*INFORMATION SHOWN*:

▶

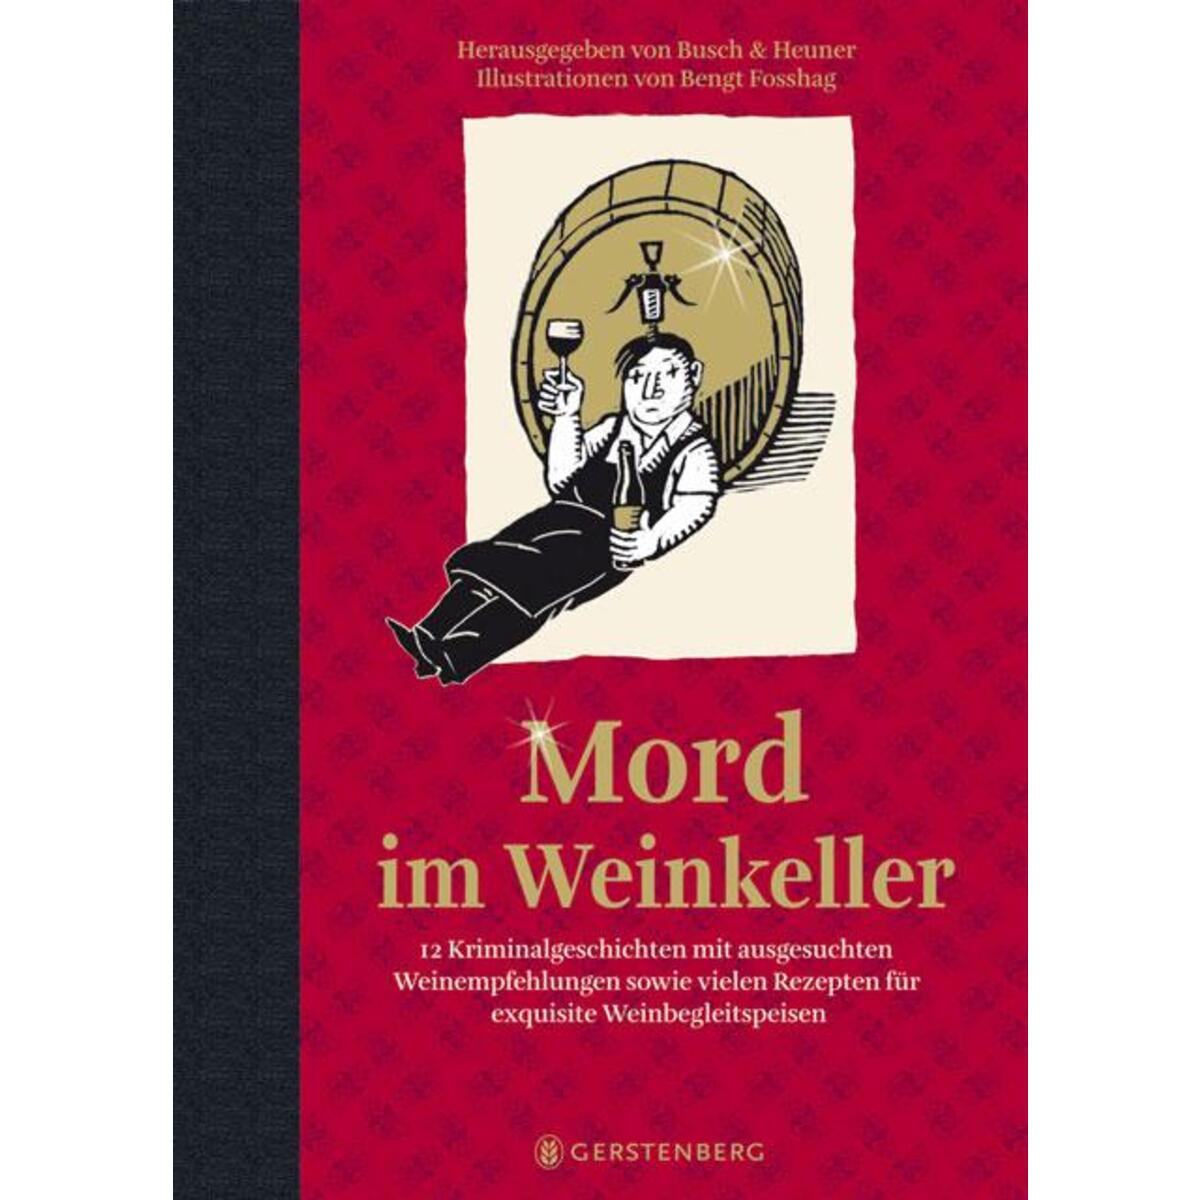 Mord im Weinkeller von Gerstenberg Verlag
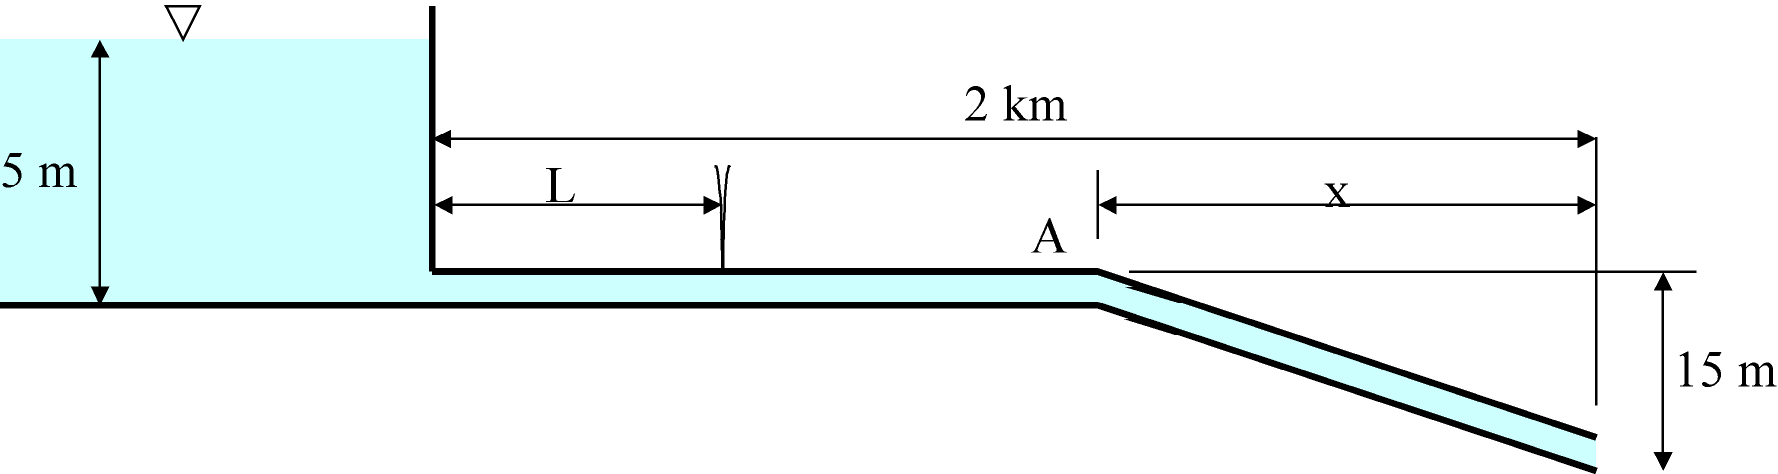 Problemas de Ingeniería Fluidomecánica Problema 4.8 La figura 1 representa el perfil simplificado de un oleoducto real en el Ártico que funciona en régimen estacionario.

◀
▶

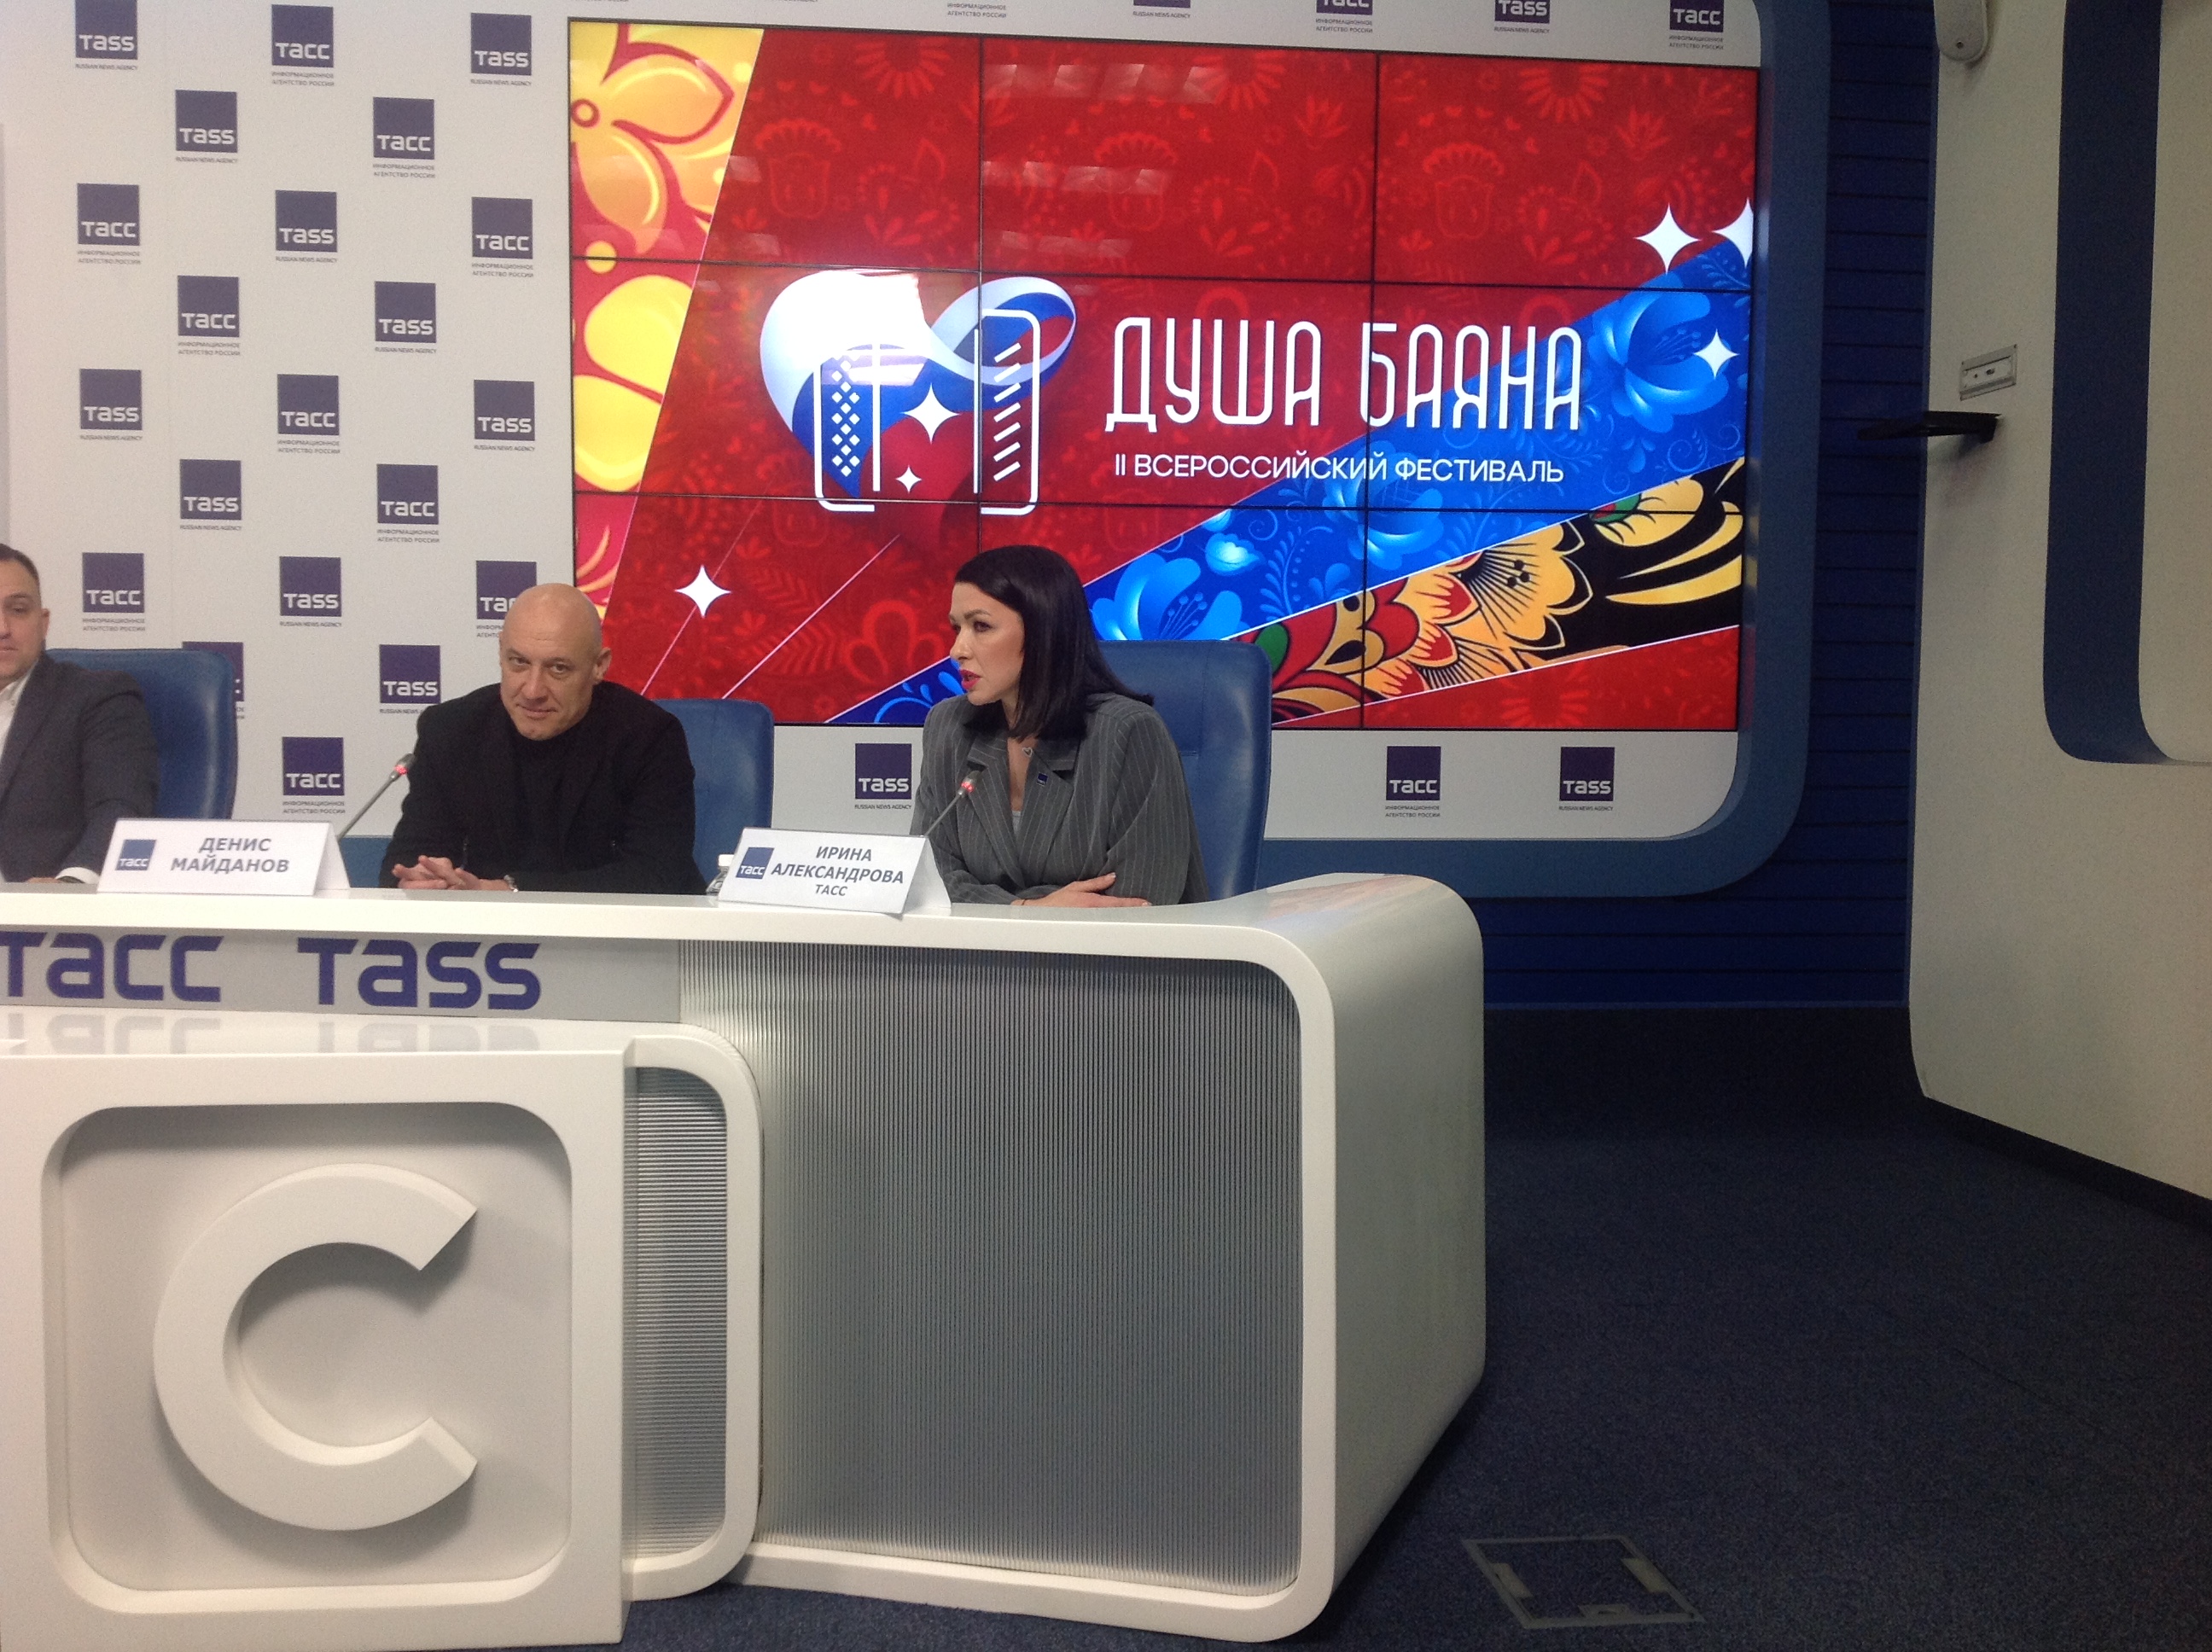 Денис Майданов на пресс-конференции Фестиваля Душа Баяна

◀
▶

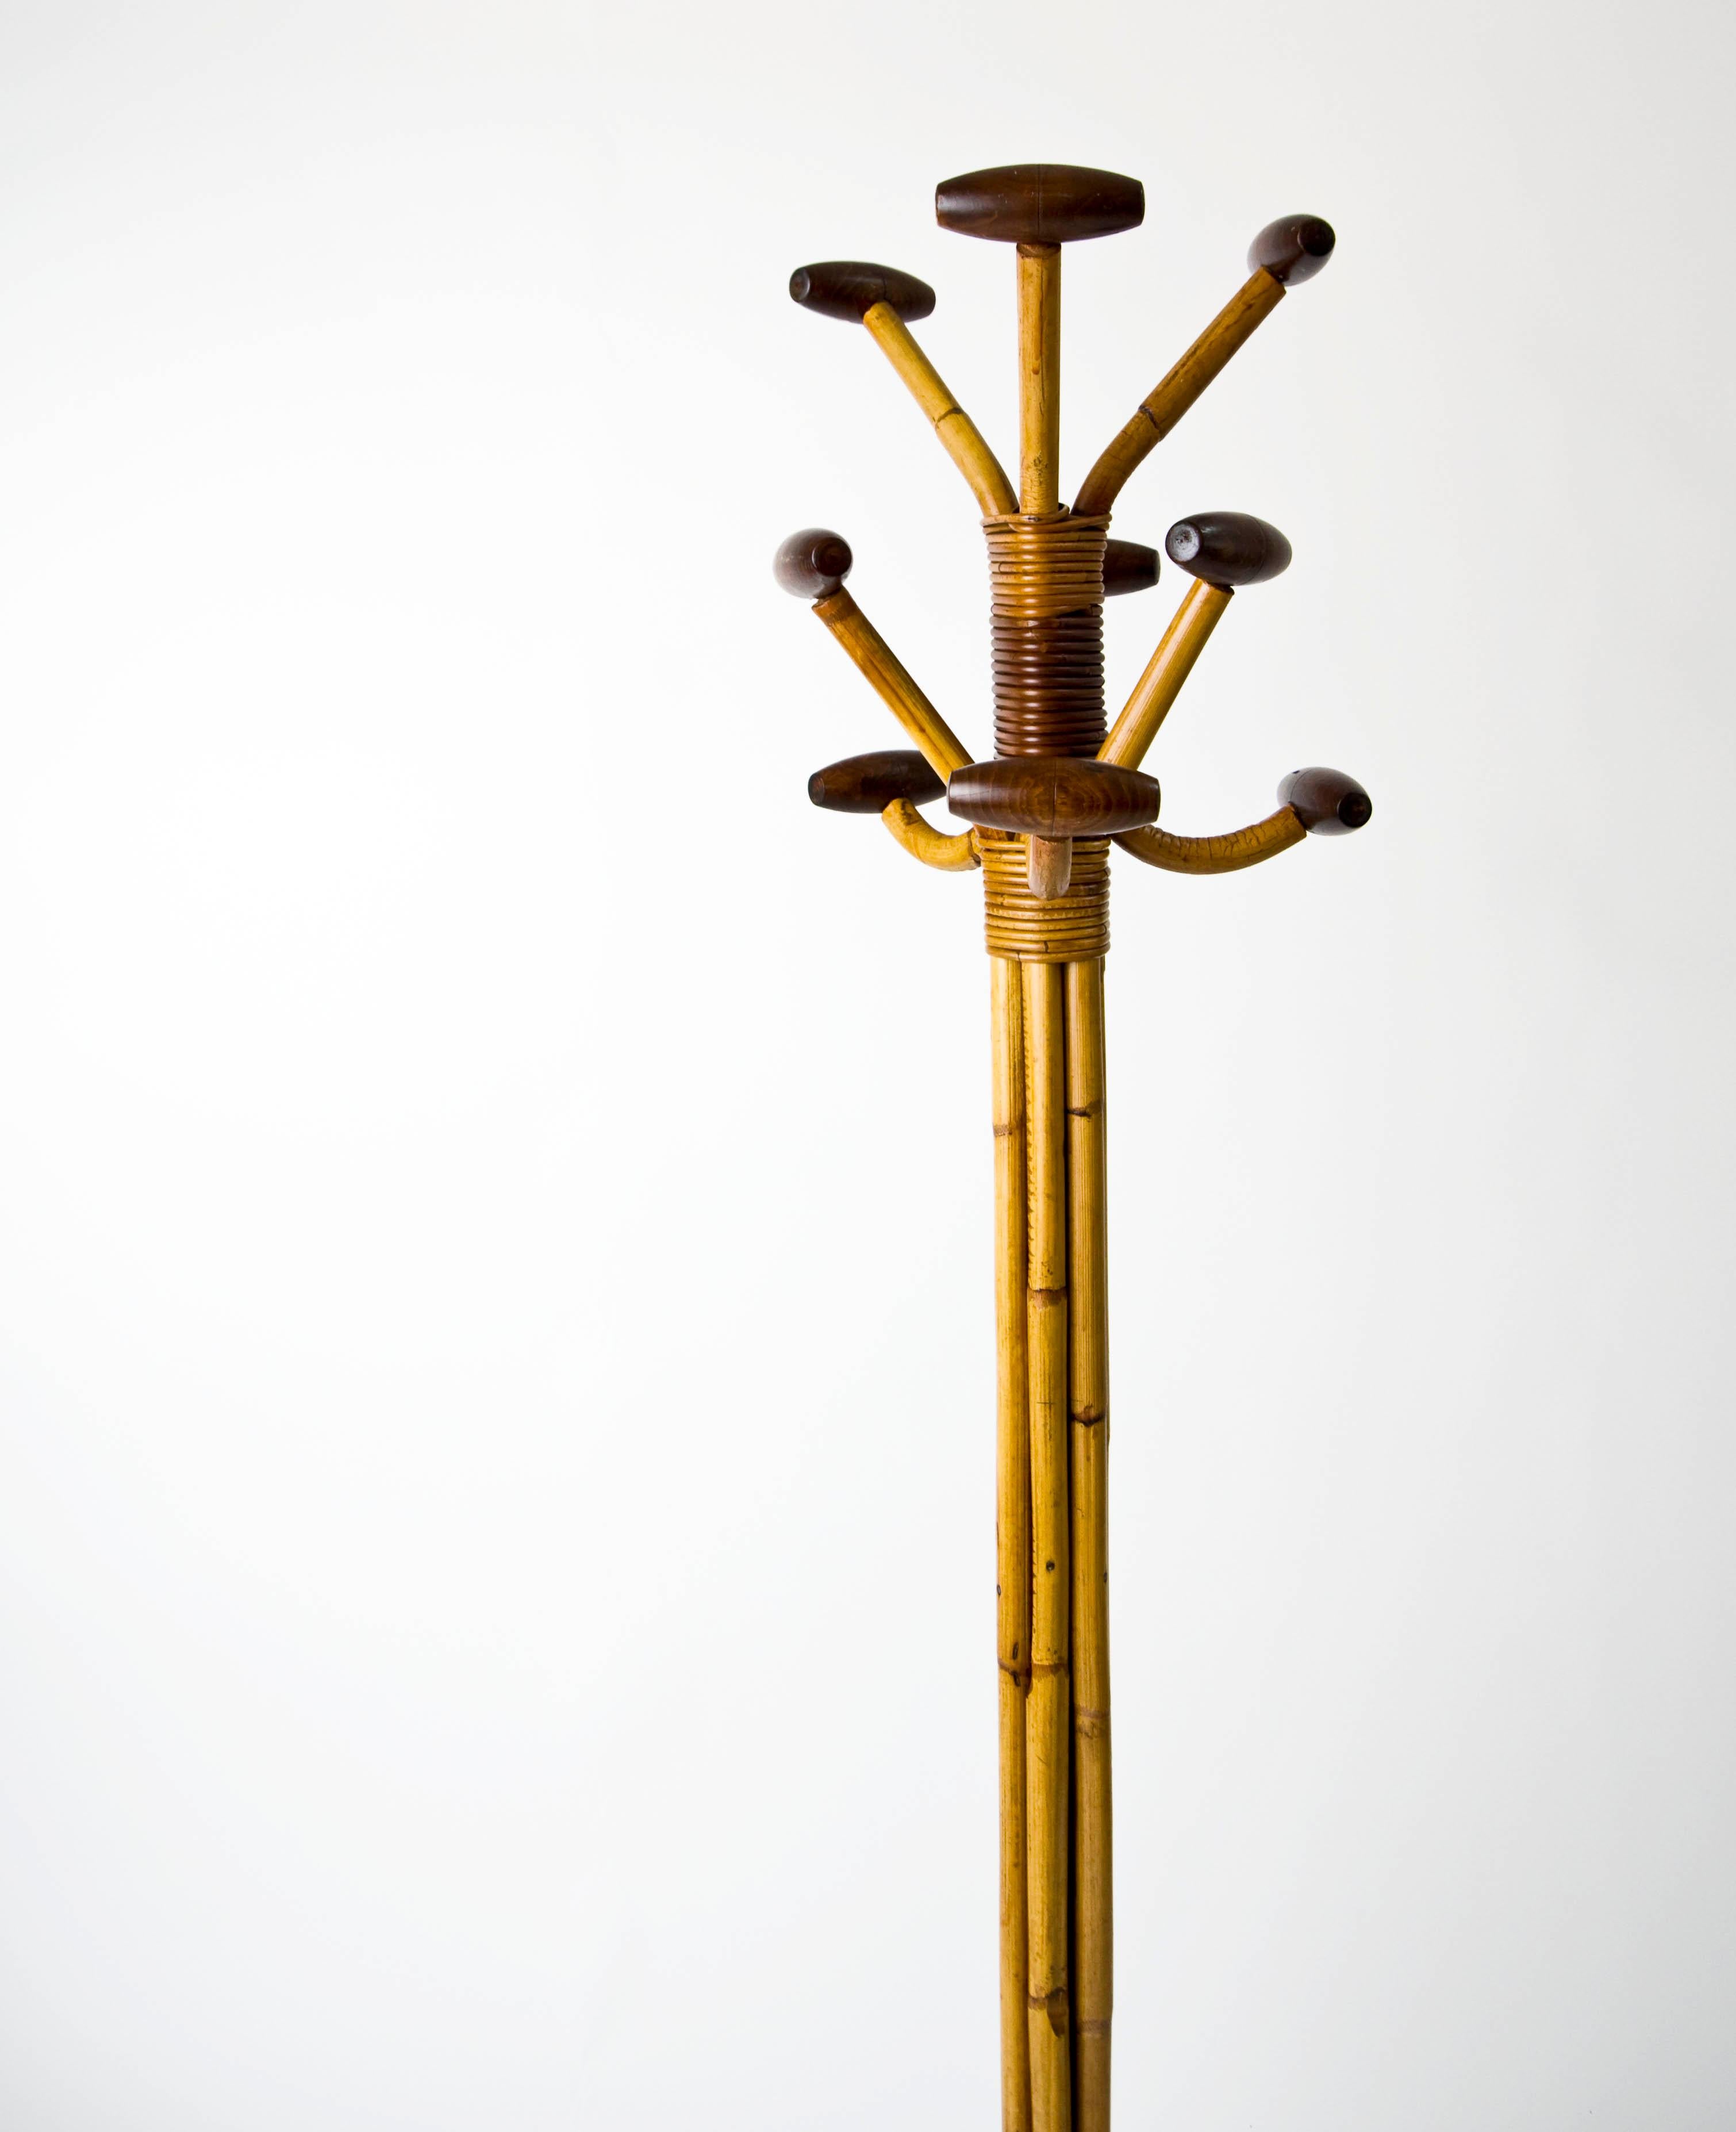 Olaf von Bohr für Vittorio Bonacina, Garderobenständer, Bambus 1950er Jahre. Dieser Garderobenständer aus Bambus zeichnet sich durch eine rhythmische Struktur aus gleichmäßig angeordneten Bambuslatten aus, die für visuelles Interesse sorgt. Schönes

◀

Although pictures appear among the records above, write out exactly only the lines from the one that has "Mord im Weinkeller von Gerstenberg Verlag" through the one that has "Problemas de Ingeniería", and leave the pictures out.

 Mord im Weinkeller von Gerstenberg Verlag
 Problemas de Ingeniería Fluidomecánica Problema 4.8 La figura 1 representa el perfil simplificado de un oleoducto real en el Ártico que funciona en régimen estacionario.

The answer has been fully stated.